▶ WHAT IS NEEDED:
Exactly as they appear below, repeat the lines from the one with "Orsay, de la gare au muse" through the one with "Contadina Roma Tomatoes Sauce 227 g". Drop every picture.

▶ EXTRACTED ENTRIES:
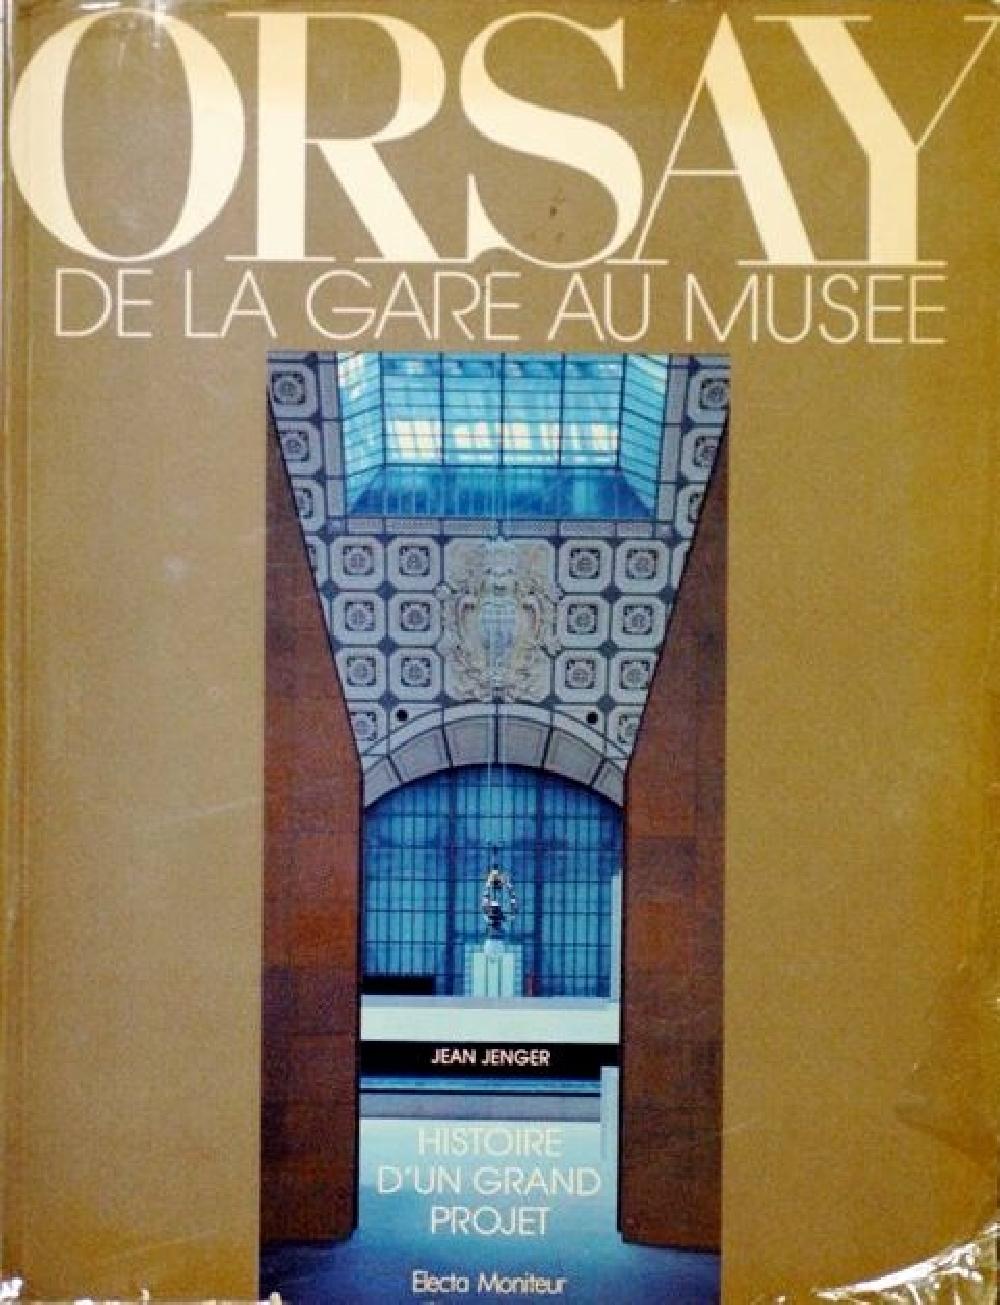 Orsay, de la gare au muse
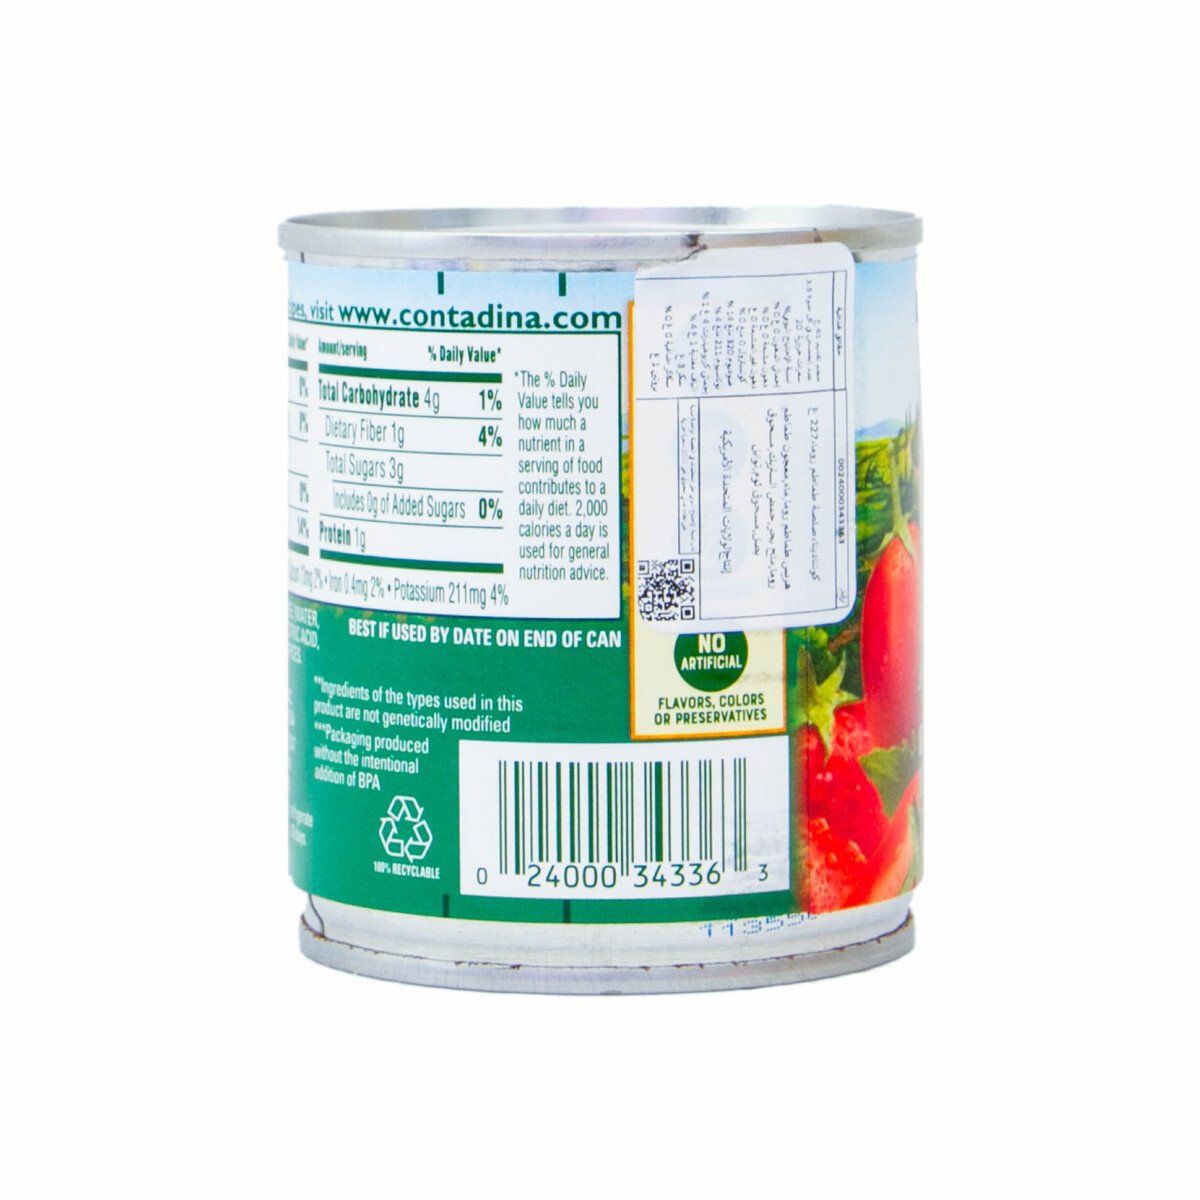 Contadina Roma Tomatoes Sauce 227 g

--

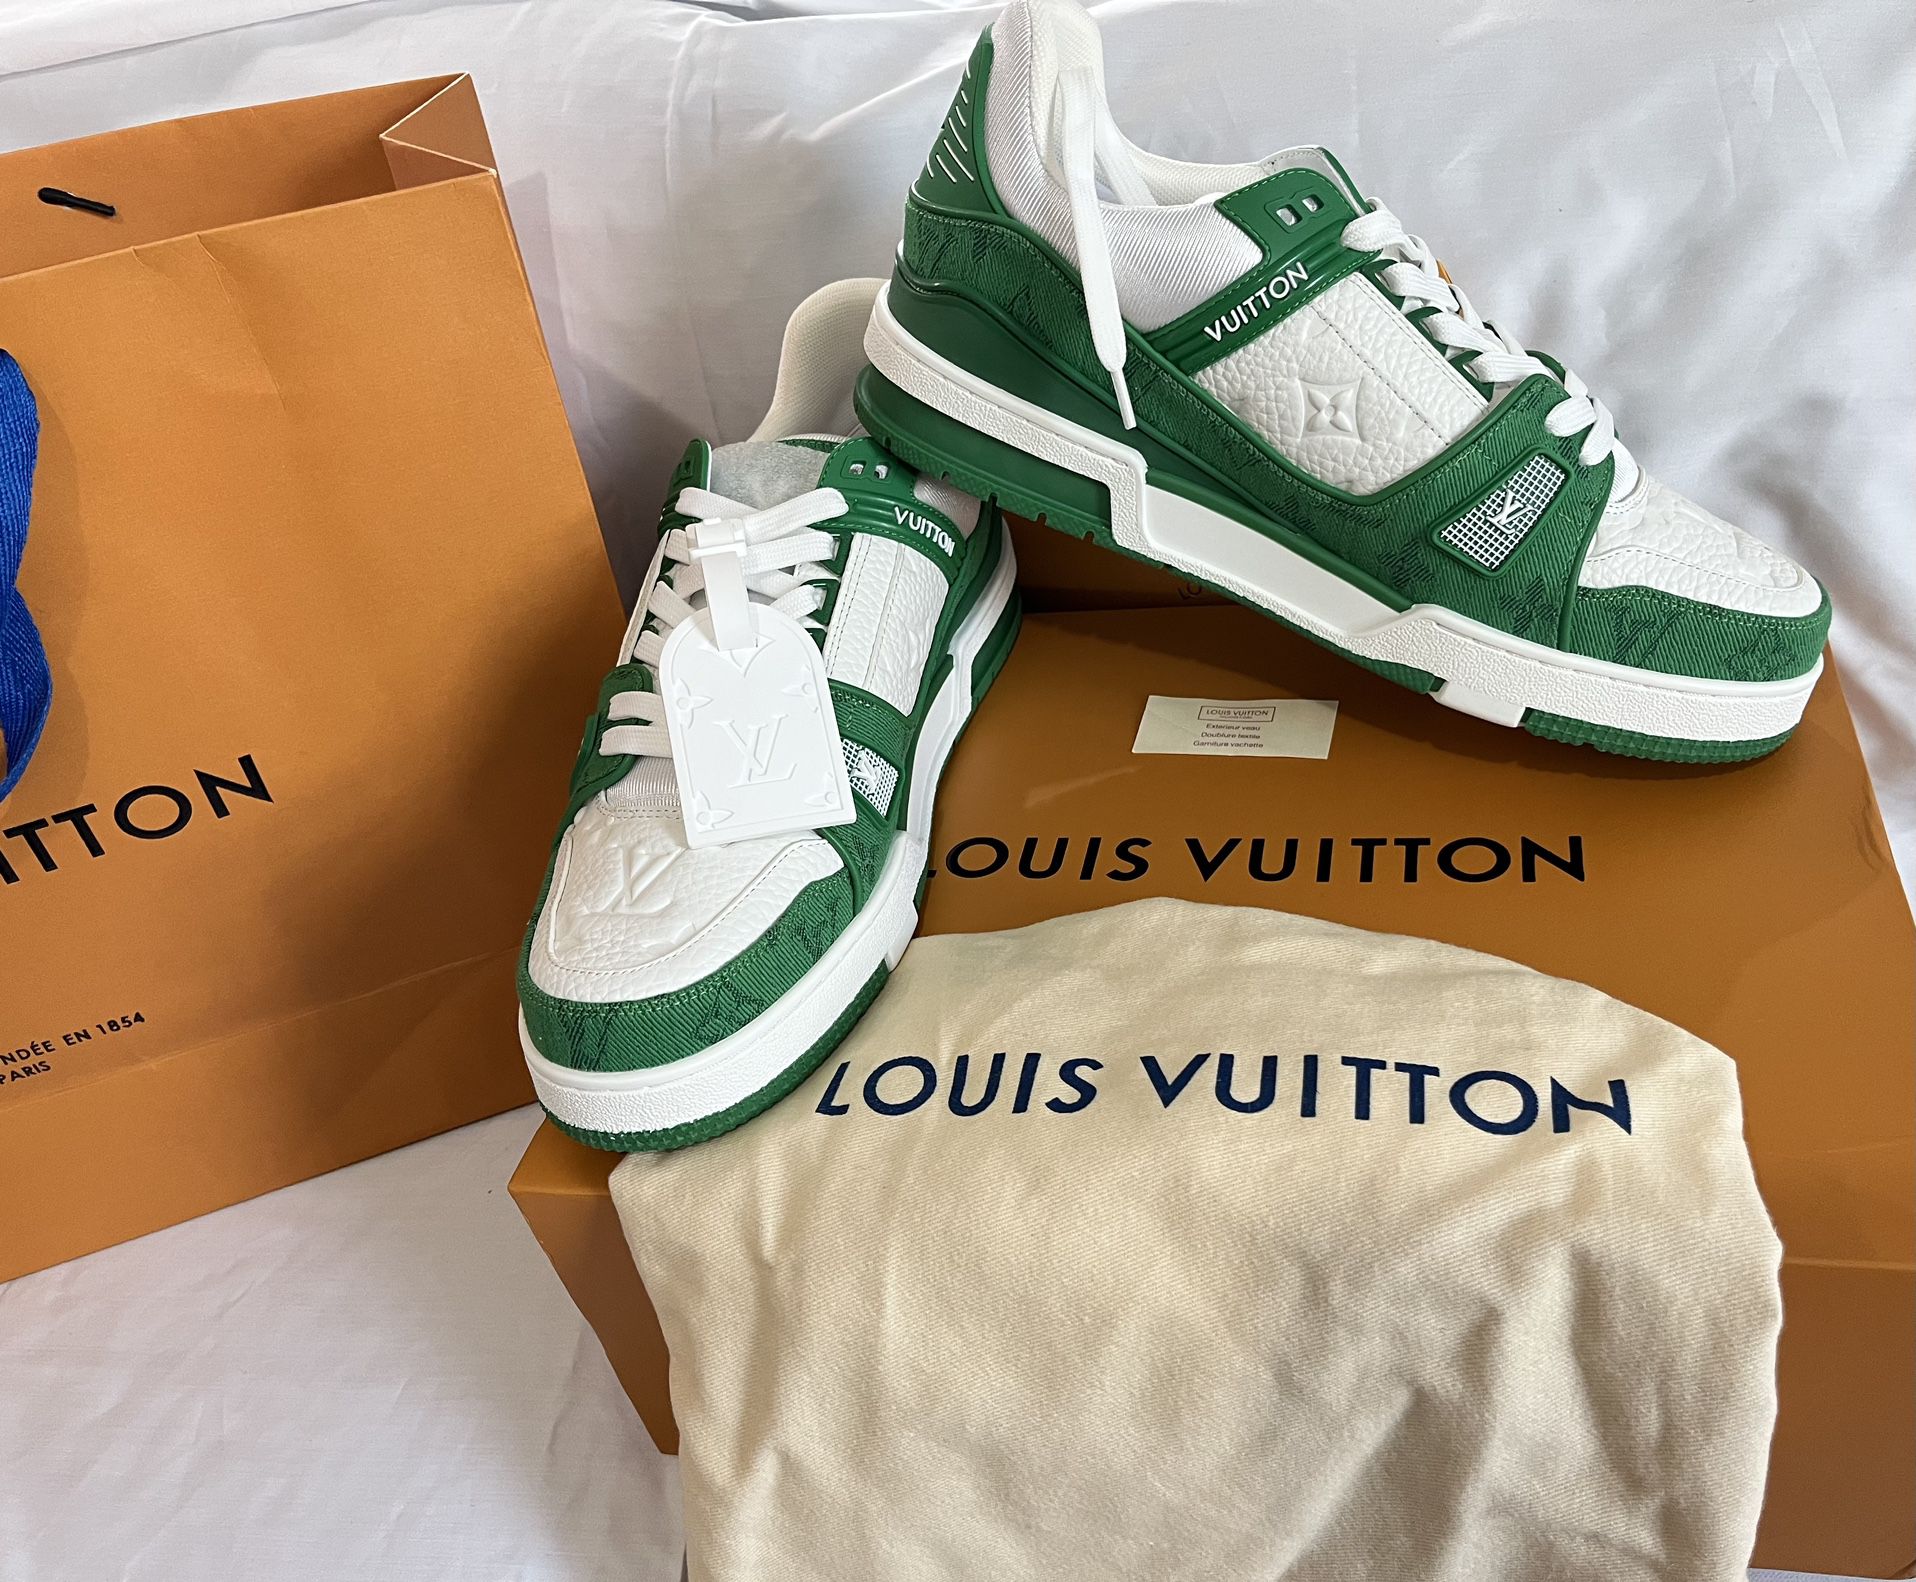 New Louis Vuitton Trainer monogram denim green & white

* * *

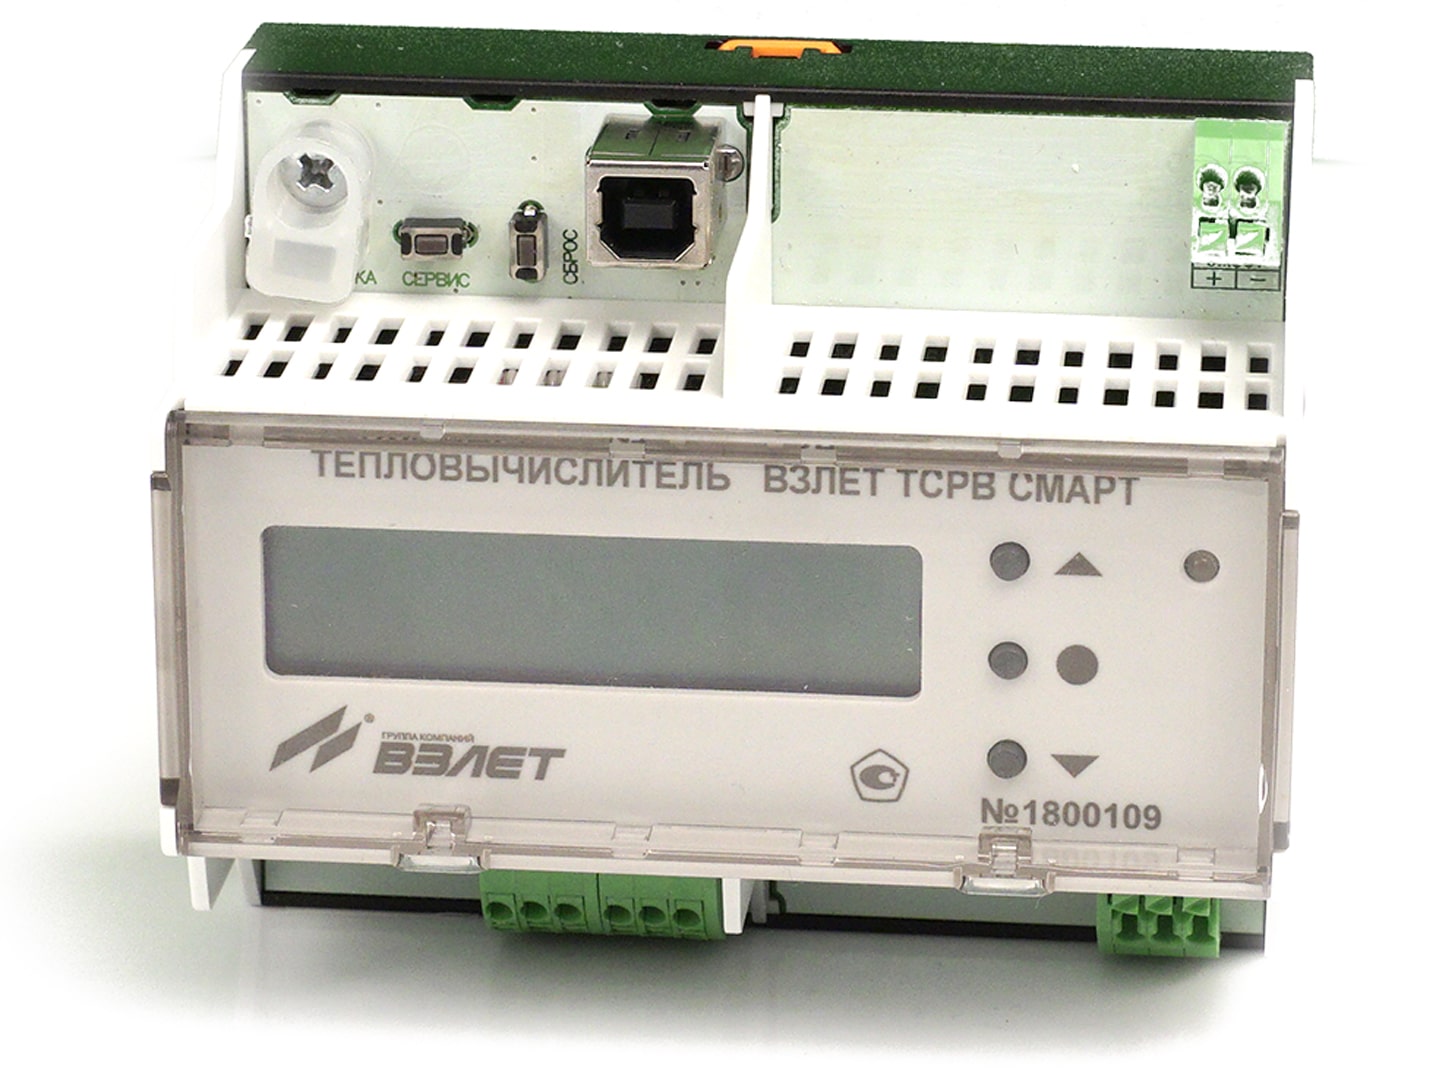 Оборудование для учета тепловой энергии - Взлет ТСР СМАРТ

▶ RESPONSE TO THE EXERCISE:
 Orsay, de la gare au muse
 Contadina Roma Tomatoes Sauce 227 g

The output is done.